#### What is expected:
What is needed here is an exact printout of the data, with no pictures included.

#### The data:
##########

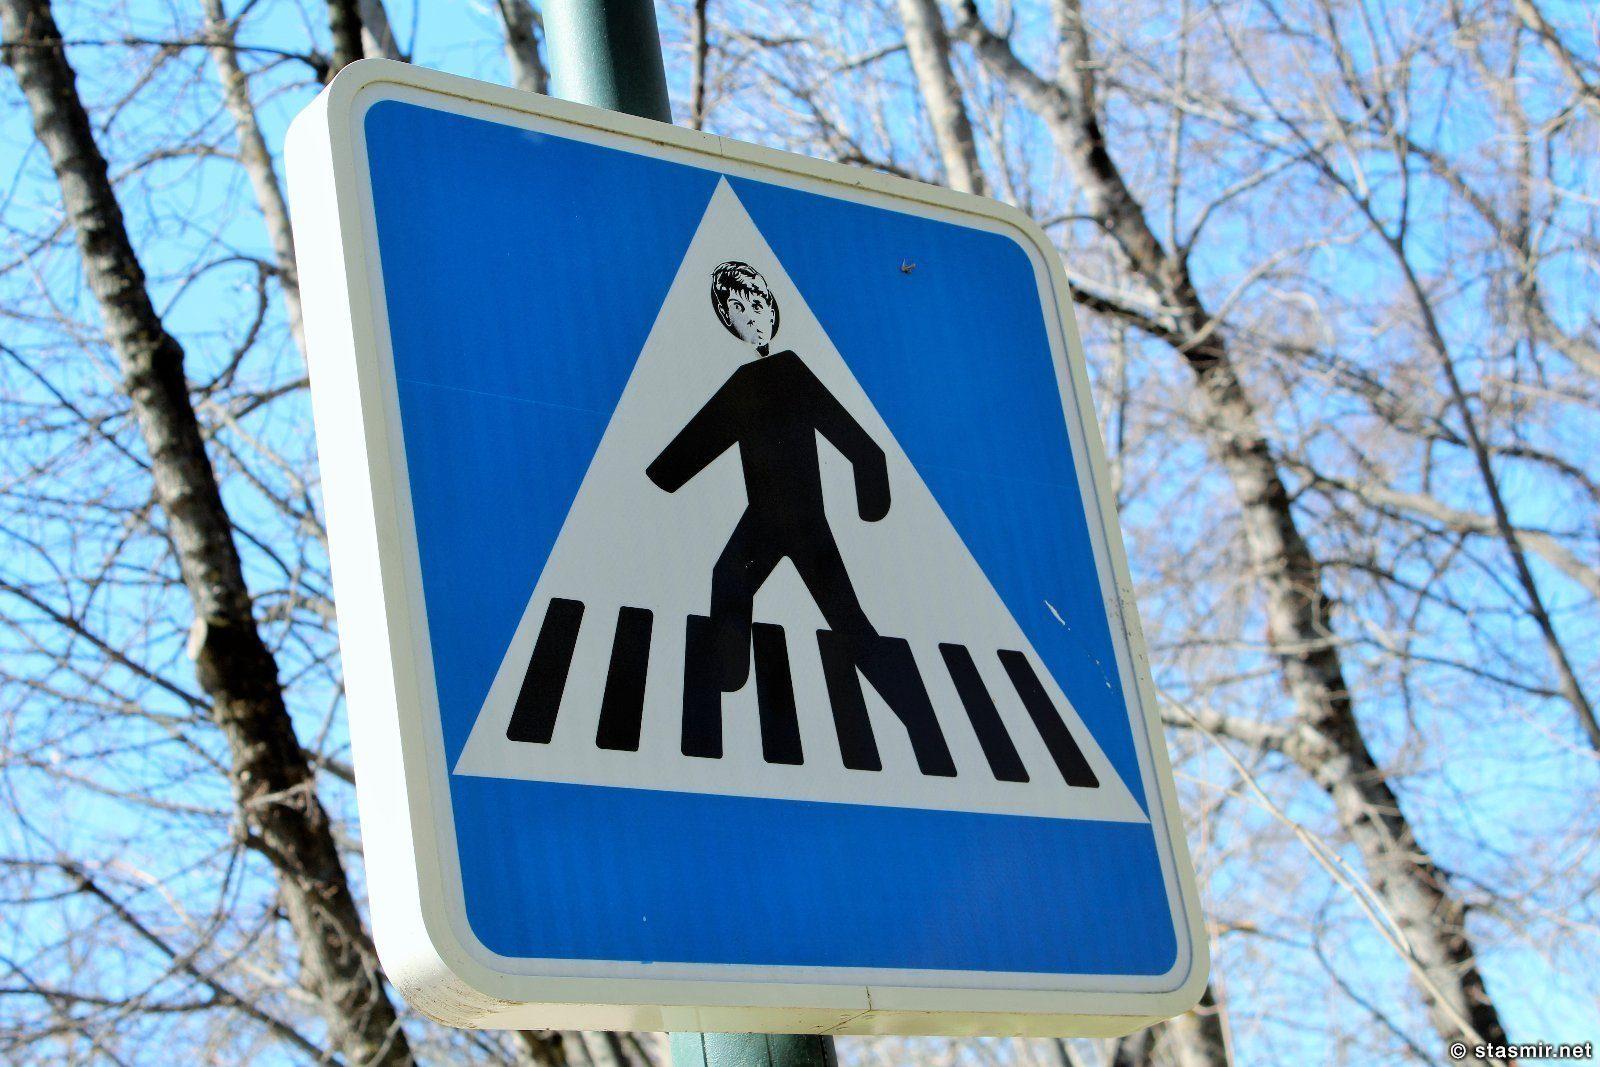 Дорожные знаки, Испания, пешеходный переход, Пол Маккартни, Андалусия,  Гранада. Альамбра, Photo Stasmir, фото Стасмир
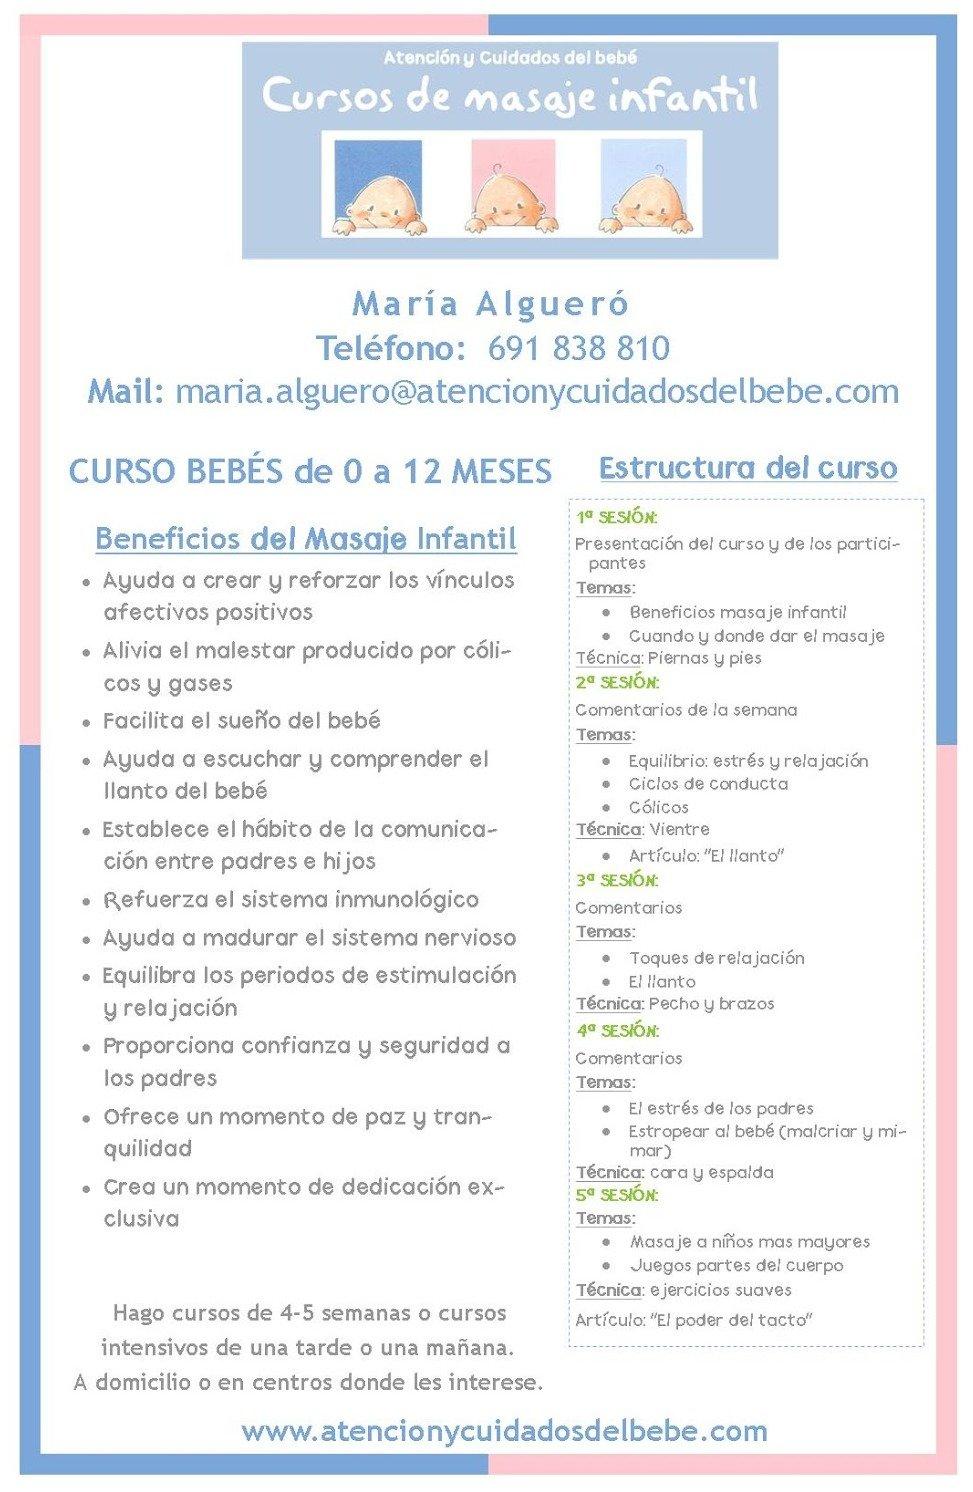 Poster atencion y cuidados del bebé
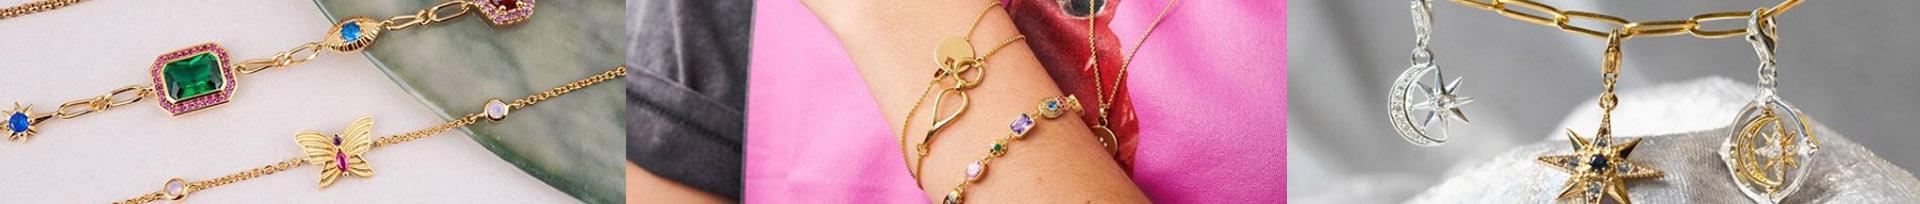 bracelet-category-banner1.jpg
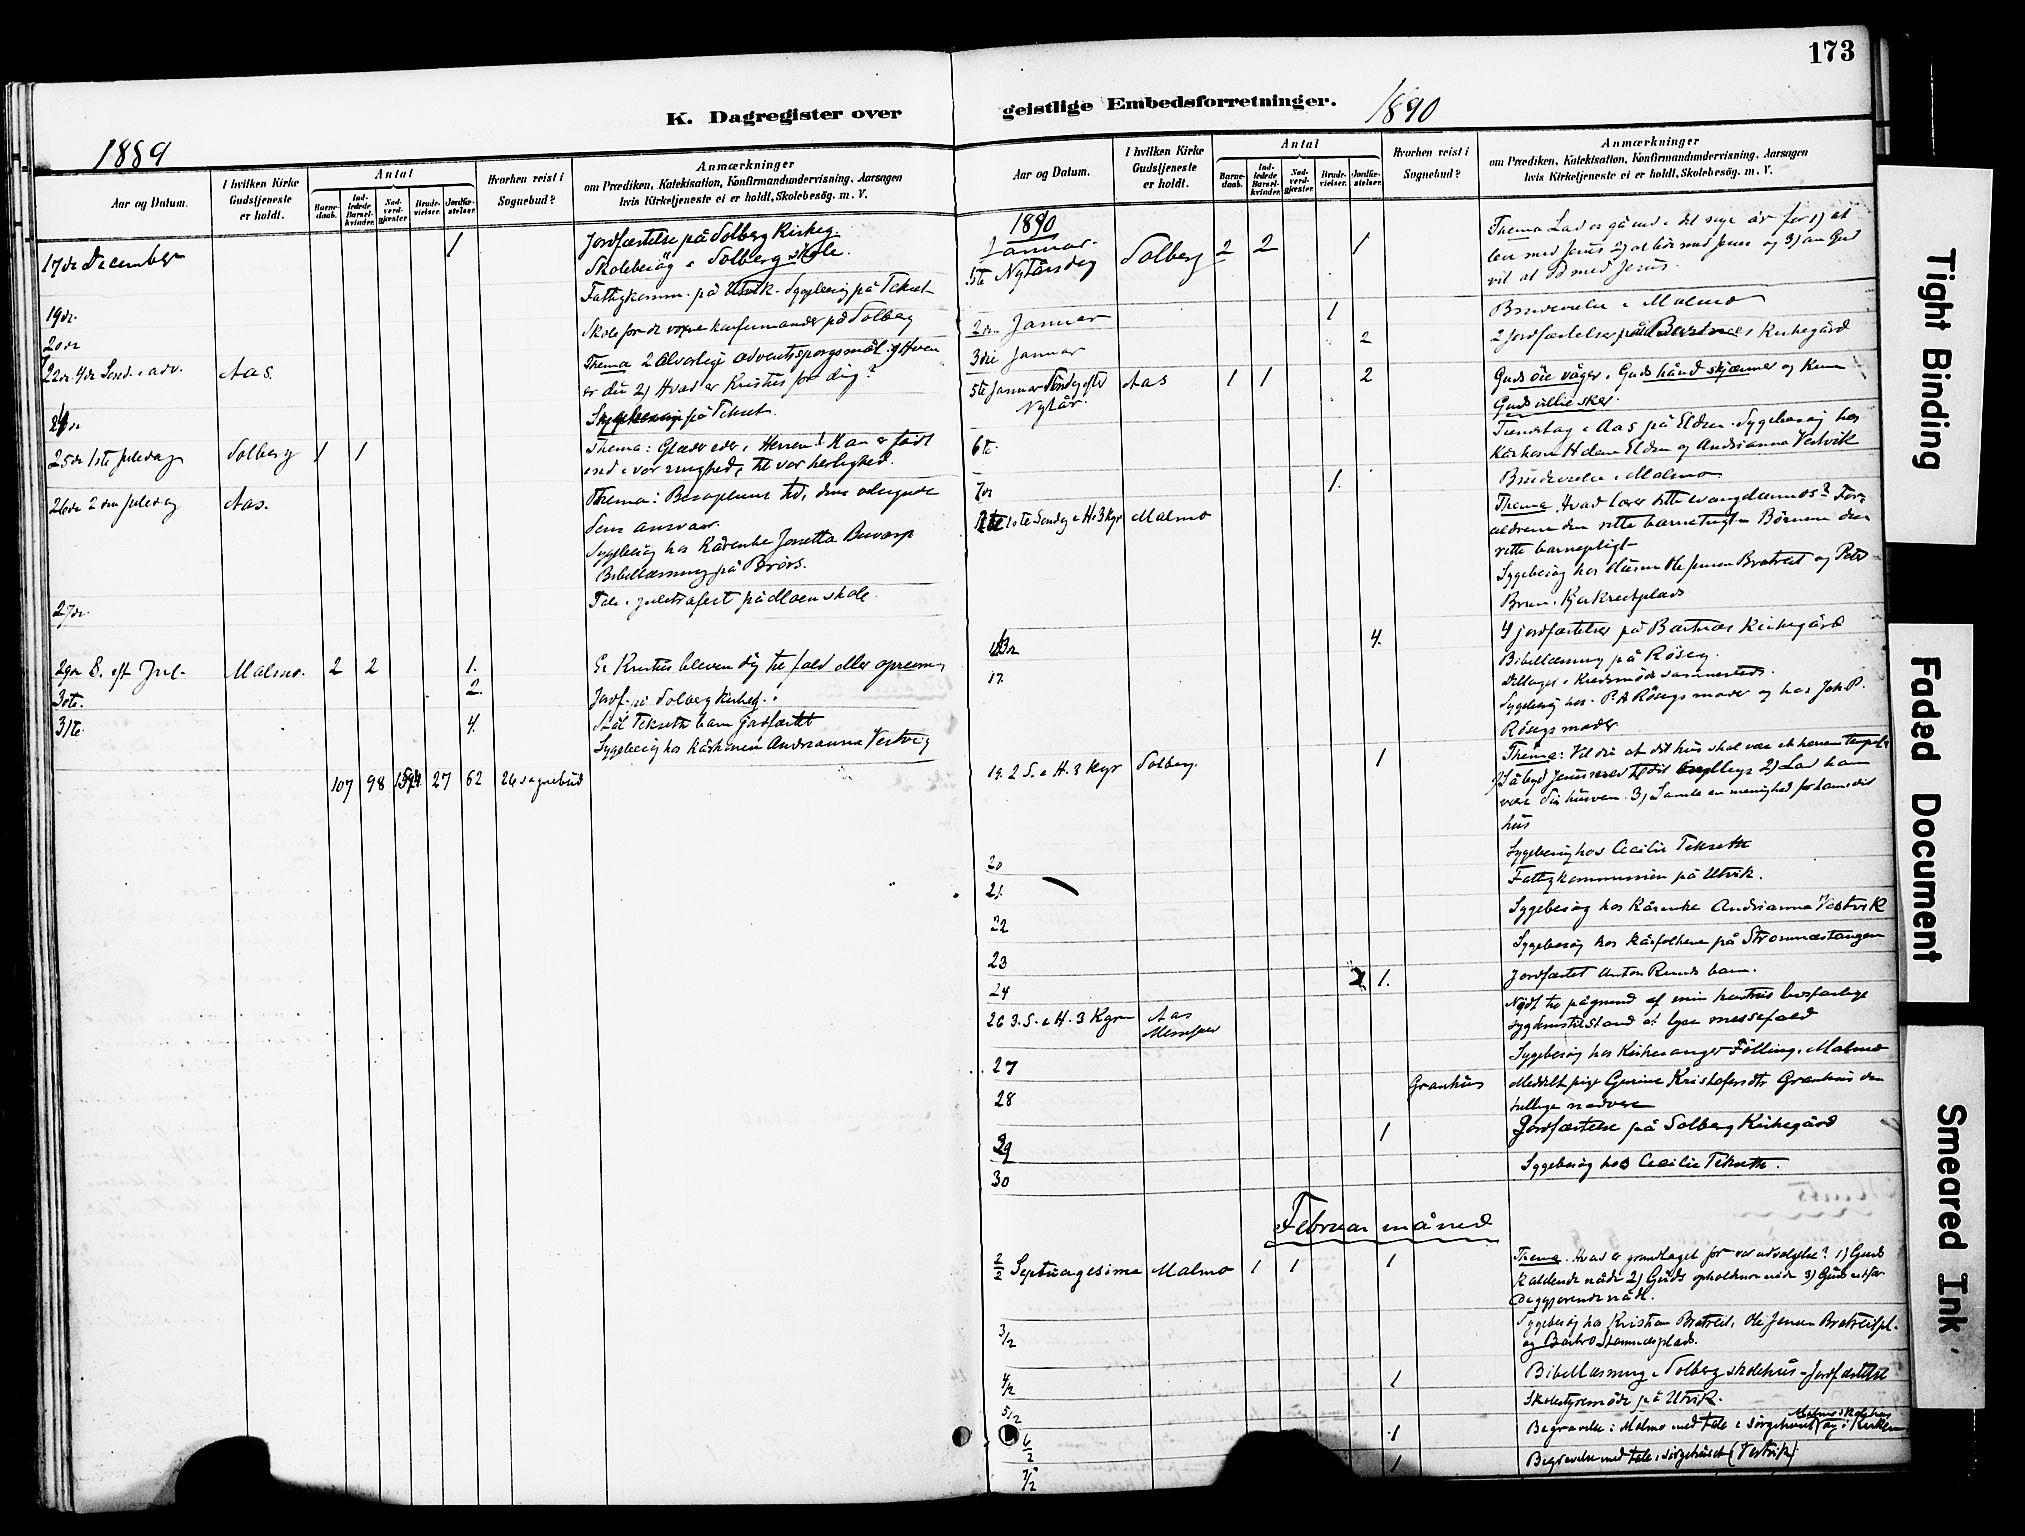 SAT, Ministerialprotokoller, klokkerbøker og fødselsregistre - Nord-Trøndelag, 741/L0396: Ministerialbok nr. 741A10, 1889-1901, s. 173

##########

#### Worked solution:
 Дорожные знаки, Испания, пешеходный переход, Пол Маккартни, Андалусия,  Гранада. Альамбра, Photo Stasmir, фото Стасмир
 Poster atencion y cuidados del bebé
 bracelet-category-banner1.jpg
 SAT, Ministerialprotokoller, klokkerbøker og fødselsregistre - Nord-Trøndelag, 741/L0396: Ministerialbok nr. 741A10, 1889-1901, s. 173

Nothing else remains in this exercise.